INPUT DATA.

====

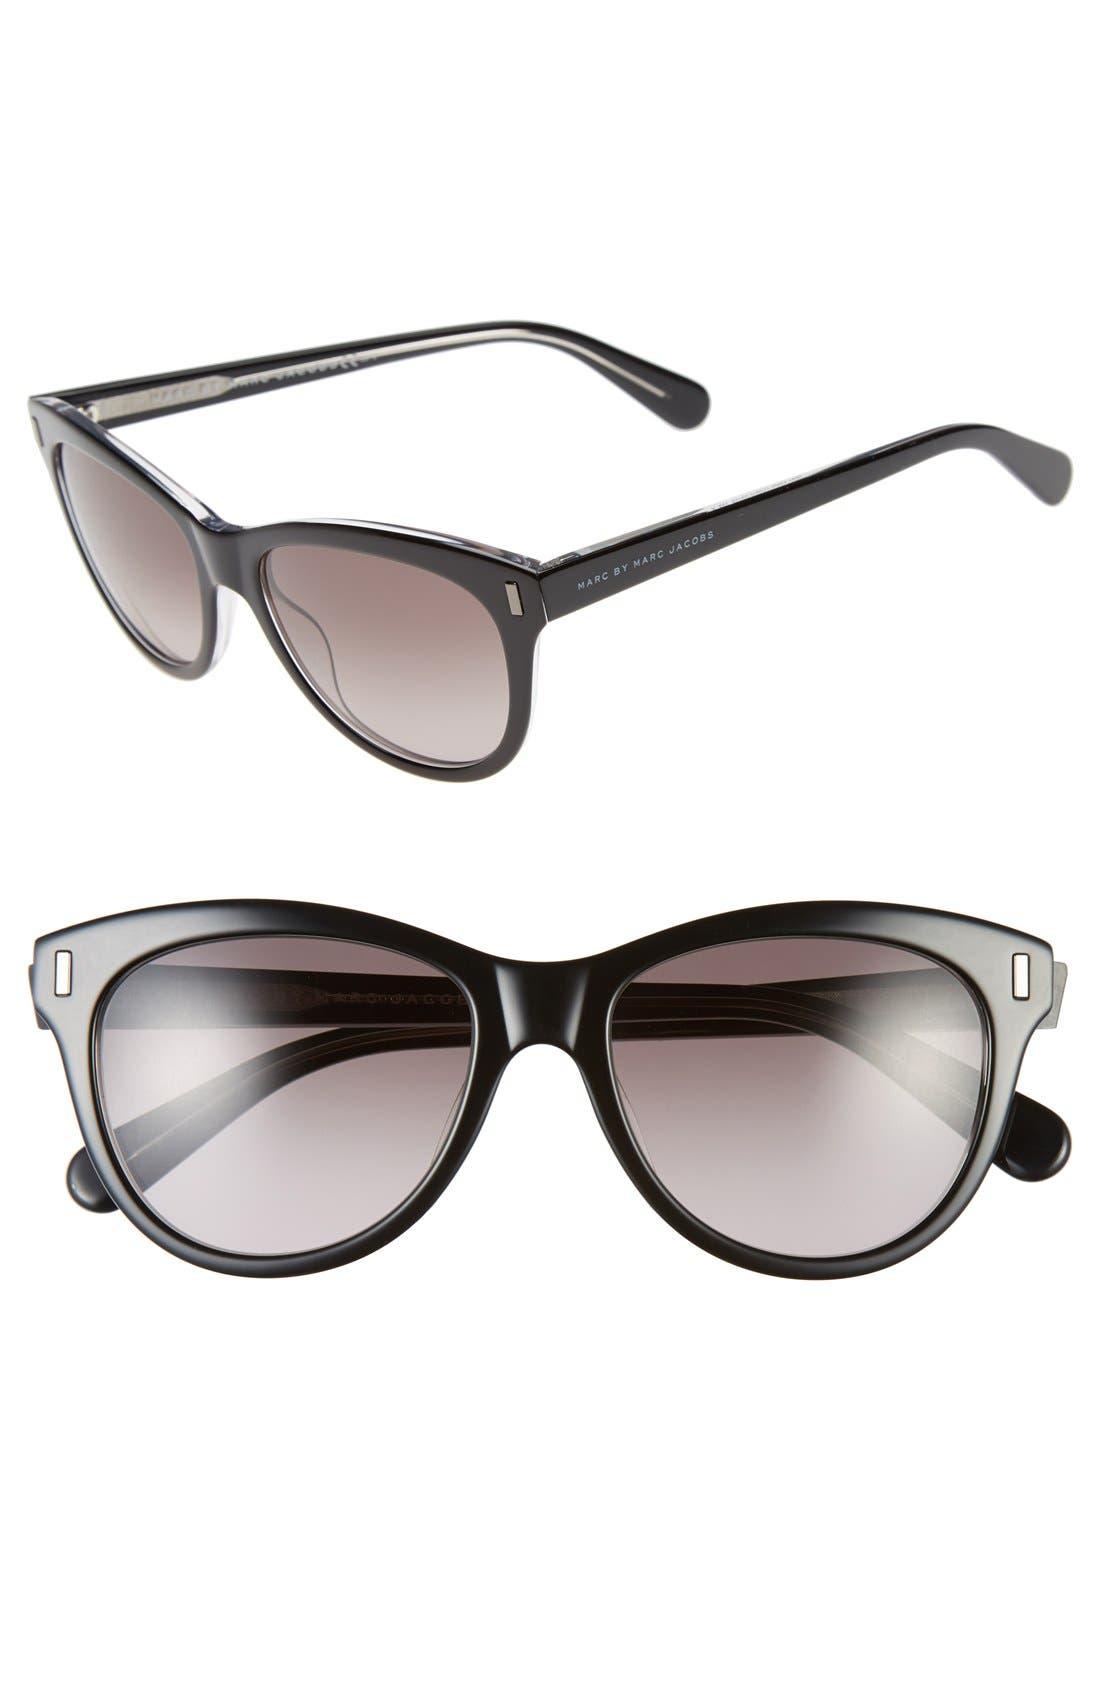 53mm Retro Sunglasses,                         Main,                         color, 001
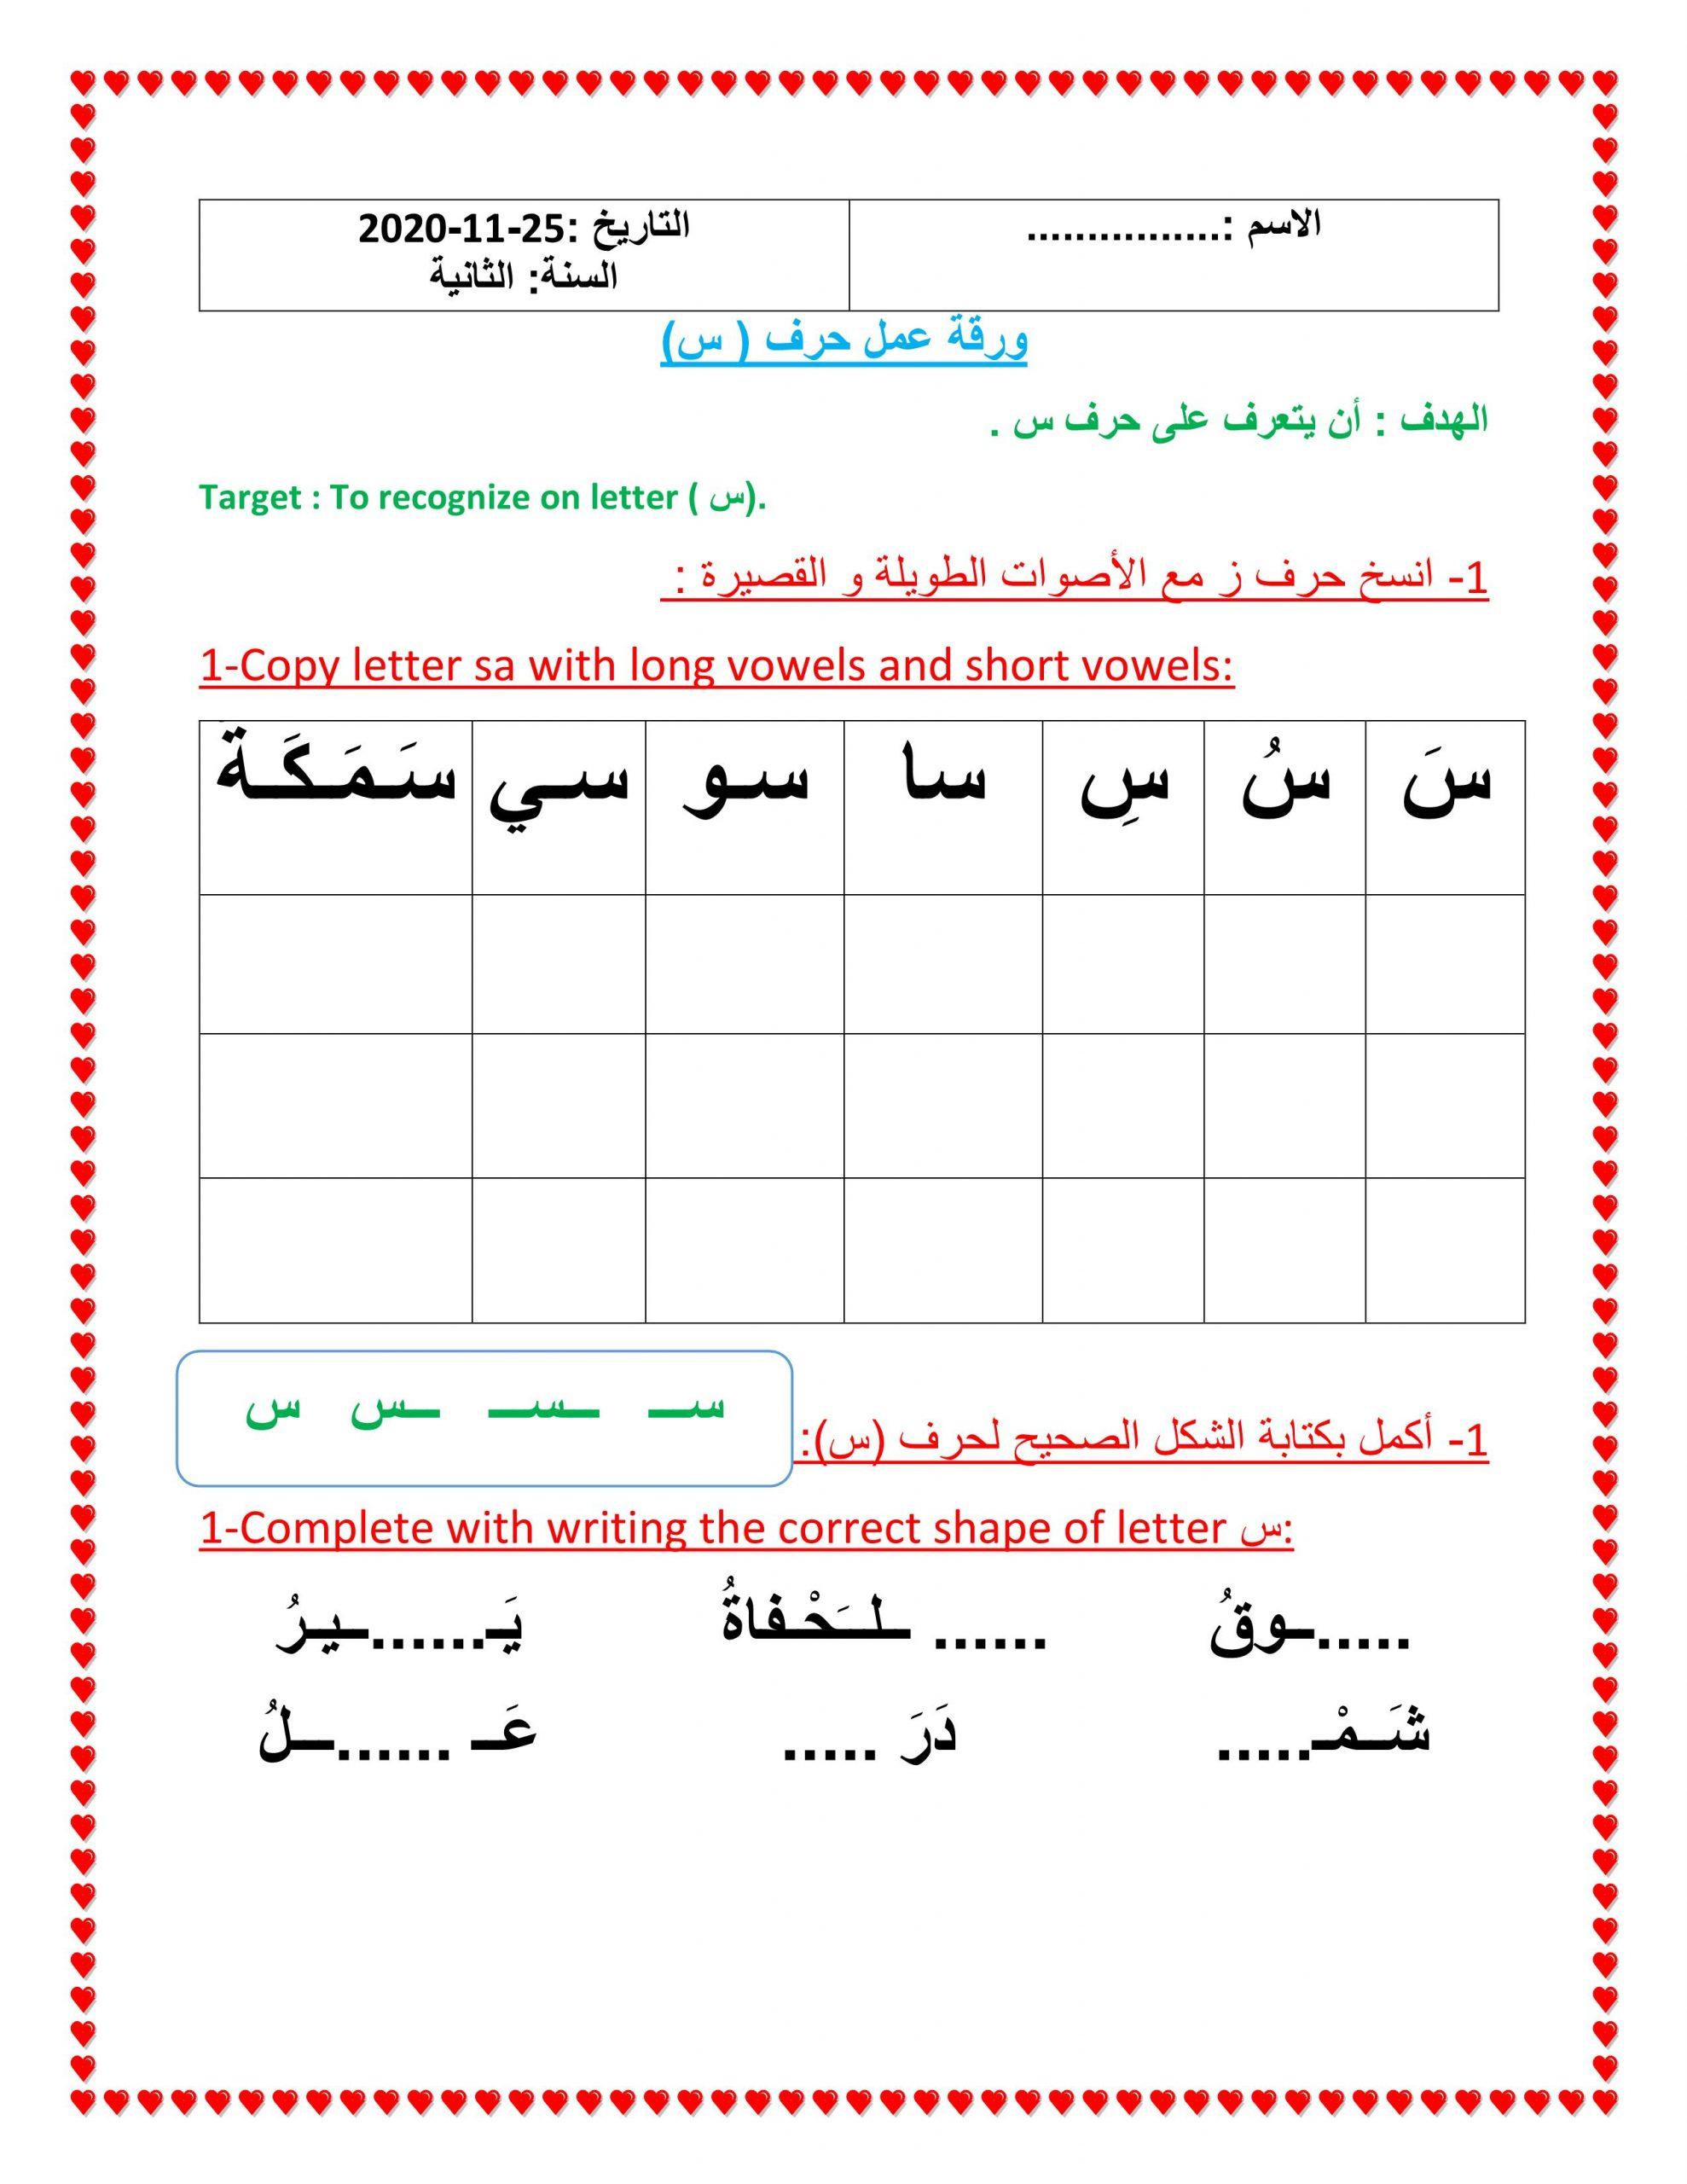 ورقة عمل حرف سين لغير الناطقين بها الصف الأول مادة اللغة العربية
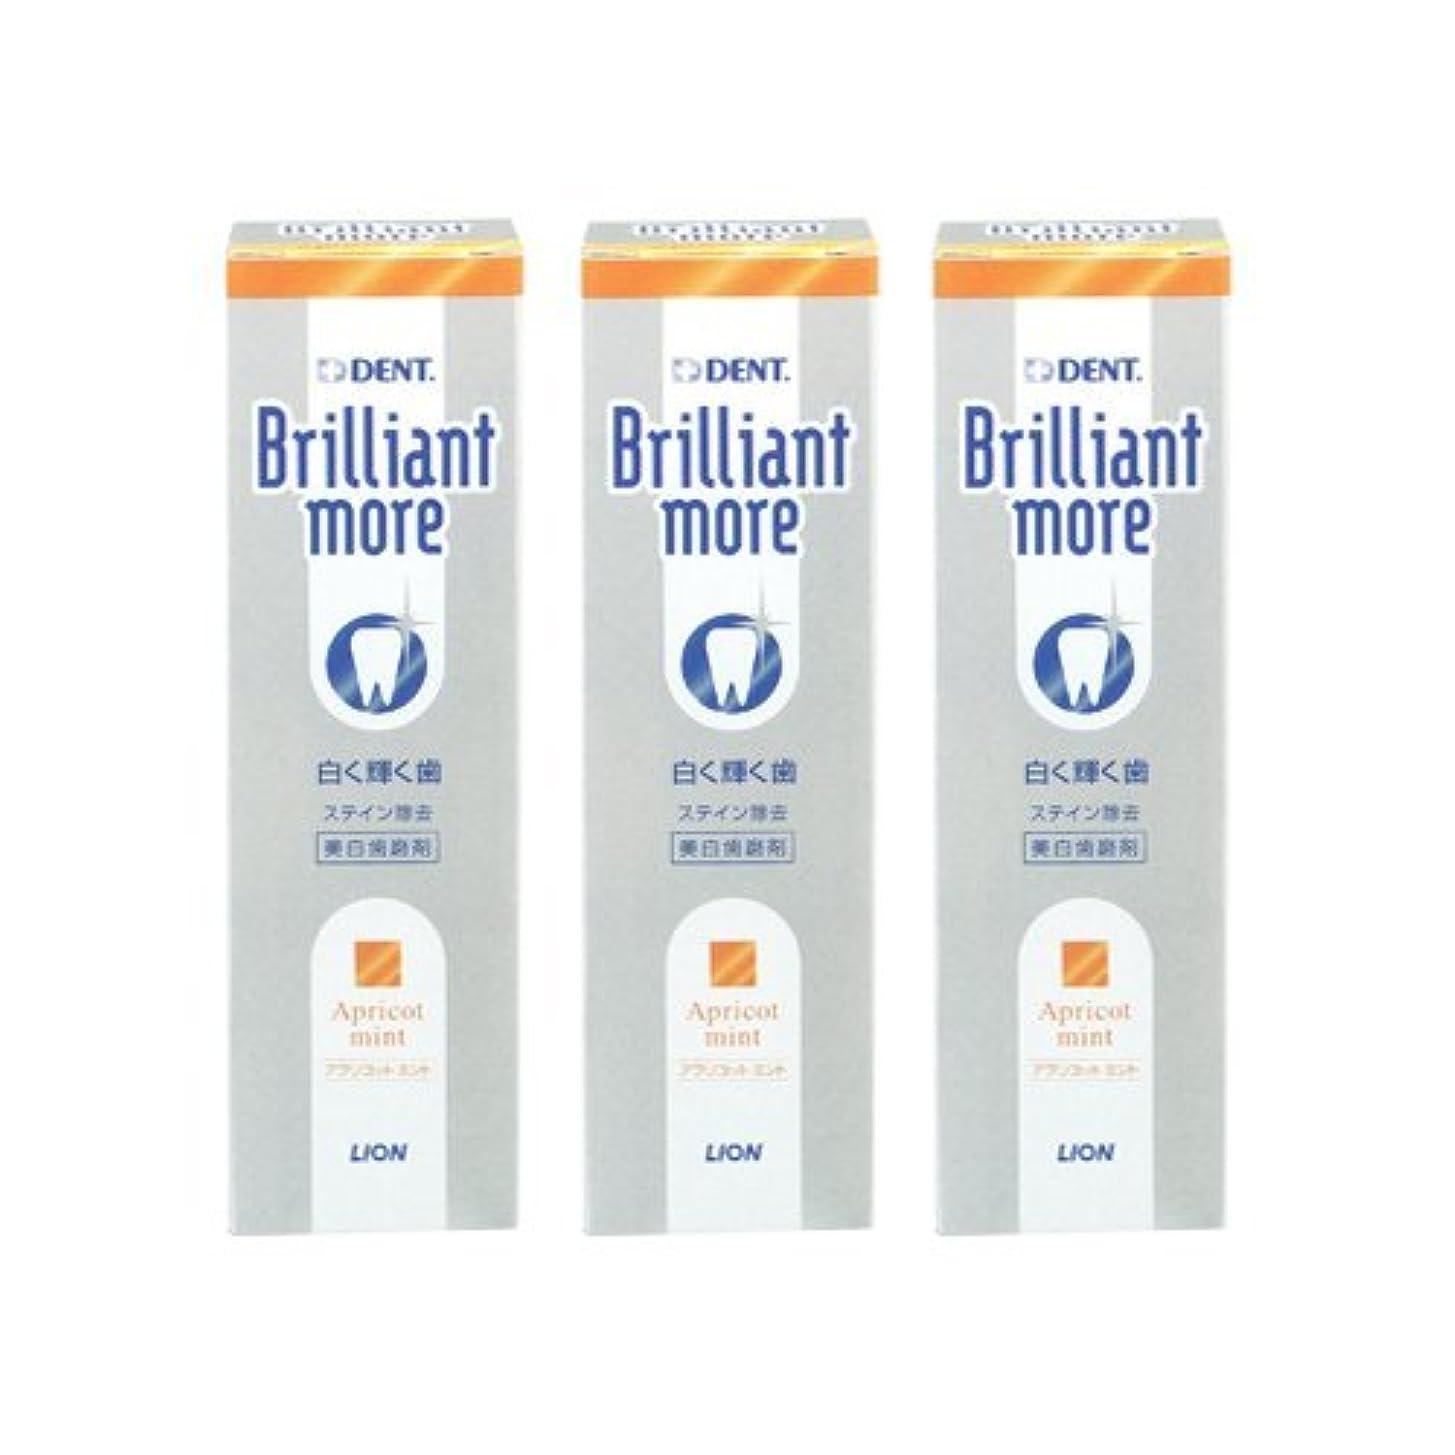 公式近代化する怖がって死ぬライオン ブリリアントモア アプリコットミント 3本セット 美白歯磨剤 LION Brilliant more
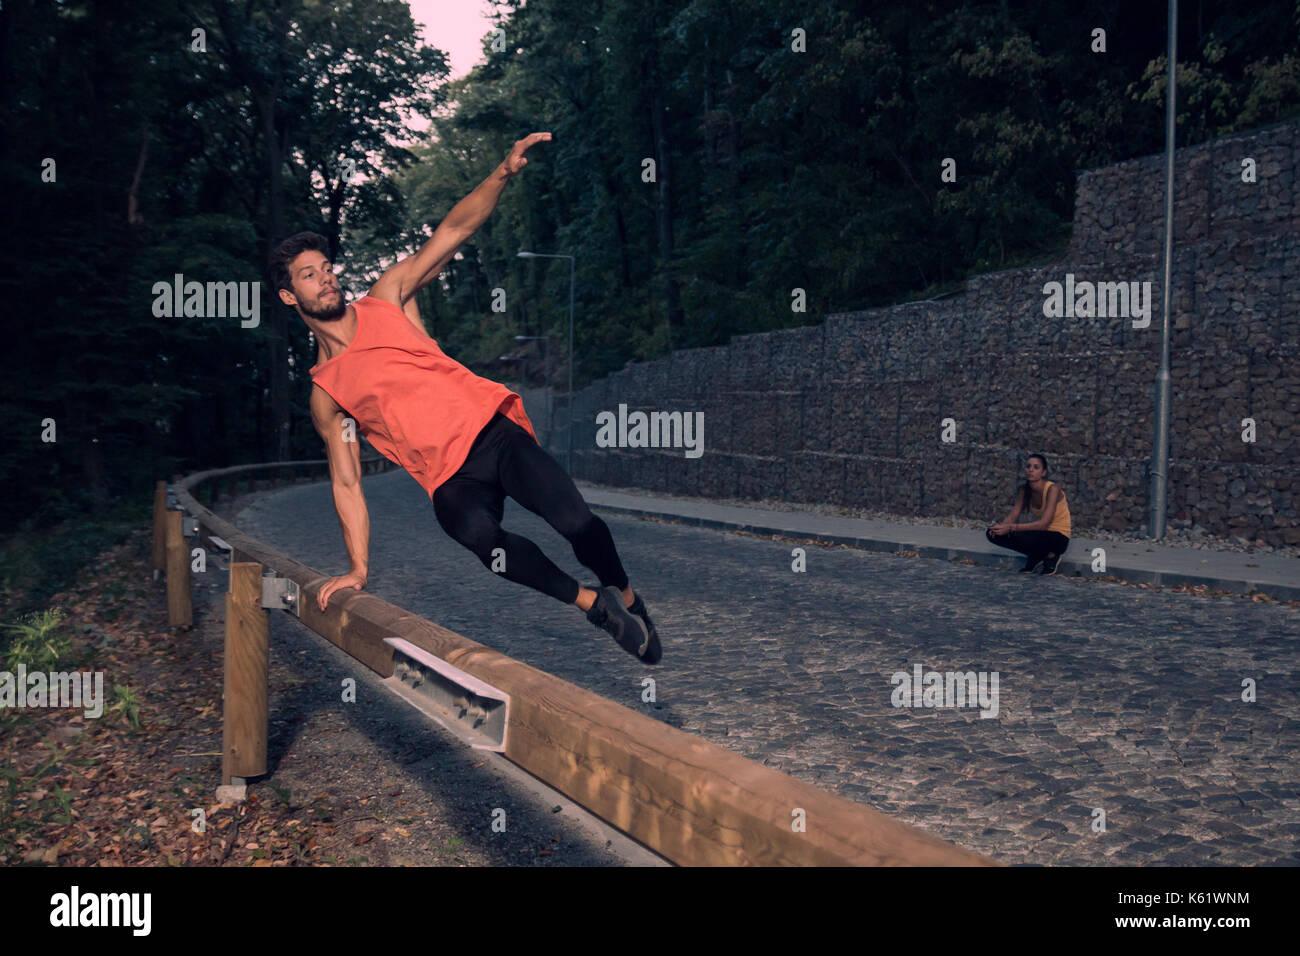 Deux jeunes gens, l'aventure, à l'extérieur, forêt route man jumping fence, parkour street stunt, milieu rural, femme arrière-plan derrière, sauter dans l'air Photo Stock

====

THE PROBLEM. Pictures stay out. Print the data exactly, from its first line through the line containing "公式近代化する怖がって死ぬライオン ブリリアントモア アプリコットミント".

TASK SOLUTION.
 53mm Retro Sunglasses,                         Main,                         color, 001
 ورقة عمل حرف سين لغير الناطقين بها الصف الأول مادة اللغة العربية
 公式近代化する怖がって死ぬライオン ブリリアントモア アプリコットミント 3本セット 美白歯磨剤 LION Brilliant more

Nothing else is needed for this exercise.